Thursday, March 1, 2012

A Crash Course in Photojournalism

I'm not going to lie, the prospect of getting up at 8 a.m. on a Saturday to make the trek into D.C. just to see people judging photos didn't exactly excite me. As someone who's really only been exposed to the world of print journalism up until this point, I had no idea what it took for an image to be labeled as either 'good' or 'bad.' If nothing else, the WHNPA judging was an exercise in the ins and outs of quality (and not so quality) photography.

The dynamic duo of Regina and I got to the judging toward the end of the "pictorials" category. They were down to the top ten, and I picked out two favorites easily. One was a scene of a city during a snowstorm that looked too good to not have been photo-shopped in any way (something one of the judges questioned too). "This is over the top," one of the judges said, referring to its beauty and splendor. The second, and my favorite picture of the day, was of a low-flying helicopter, draped in fog and with the Washington Monument in the background. I was shocked that it didn't win (the snow photo ultimately won), but it definitely provided me with a prime example of 'good' photography.

The second two categories I saw, politics and portraits, were kind of boring. Even the judges were left waiting for a strong picture to jump out at them, which didn't seem to ever happen. Their comments ranged from skeptical to downright mean. "If it wasn't for Barbara Boxer, I wouldn't care about this picture," said a judge about an image of a black and white shot of the senator sitting on a staircase with a light shining in her face. When trying to weed out images, one judge said this of a shot of a woman being arrested during a protest: "It's just not a strong photograph." Harsh.

One of my favorite moments occurred during the portrait judging, when one judge said, "I see characters, but I don't see personality." That comment alone is enough motivation for me to try to instill all my pictures with personality (you guys can hold me to that).

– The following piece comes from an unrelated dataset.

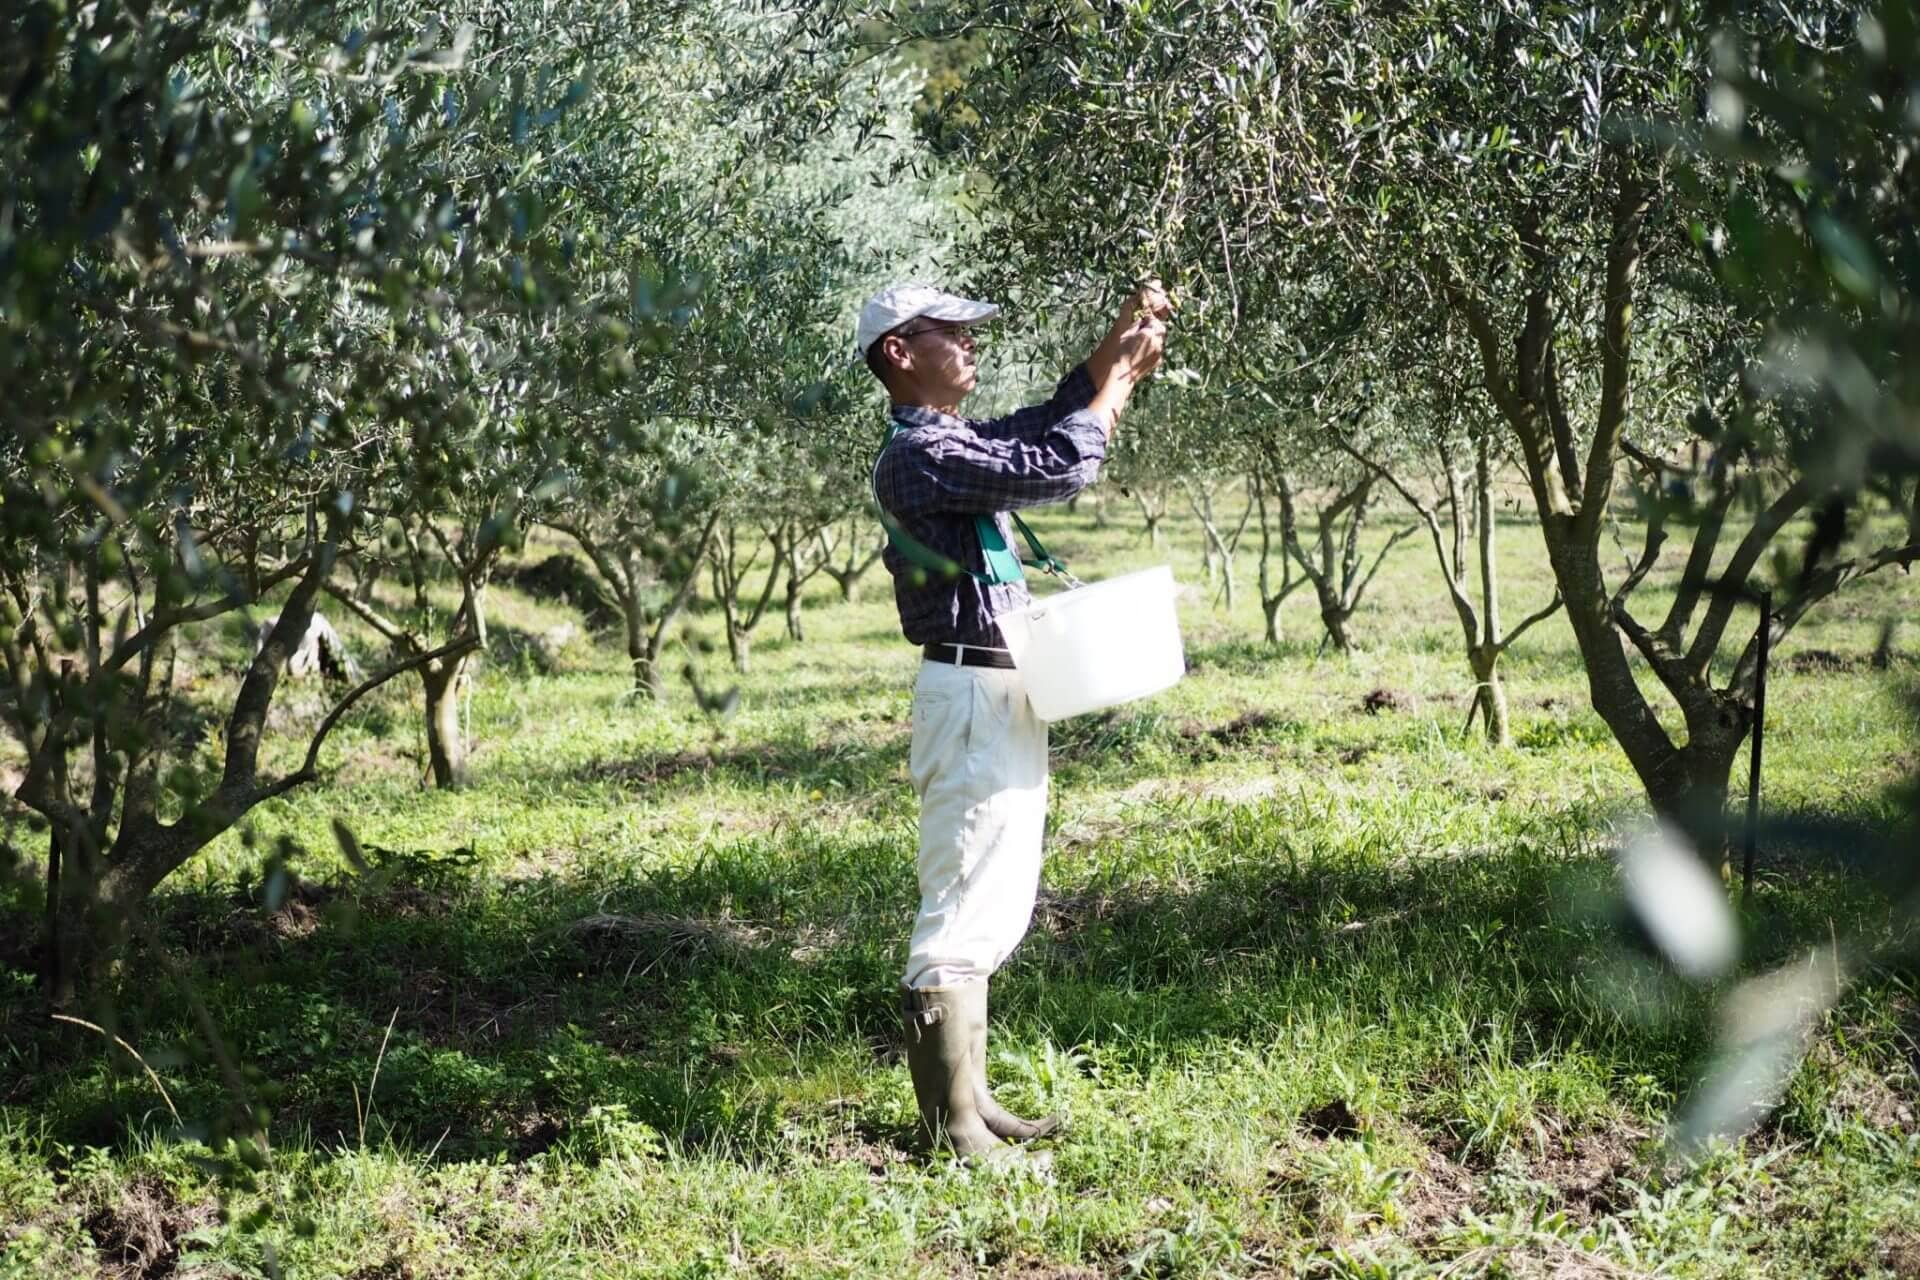 asia-the-best-olive-oils-tekmovanja-proizvodnja-na-japonskem-proizvajalci-reflect-on-an-awardwinning-year-olive-oil-times

Even better was our mini interview/reverse interview with LA Times Pulitzer Prize-winning photojournalist and guest judge Rick Loomis. He finally provided me with a concrete definition of a 'good' photo that I will never forget: "A good photograph to me combines elements of light, composition and moment...You basically want your eye to move and dance around on that picture...[and] be absorbed by it."

Loomis's helpful tips, combined with the entire proceedings, gave me a photography itch. So when Regina and I stumbled upon two people praying in front of Planned Parenthood, we couldn't resist and had ourselves a mini photo shoot. Will see you more images from this perfectly unplanned moment on a future project? Only time will tell.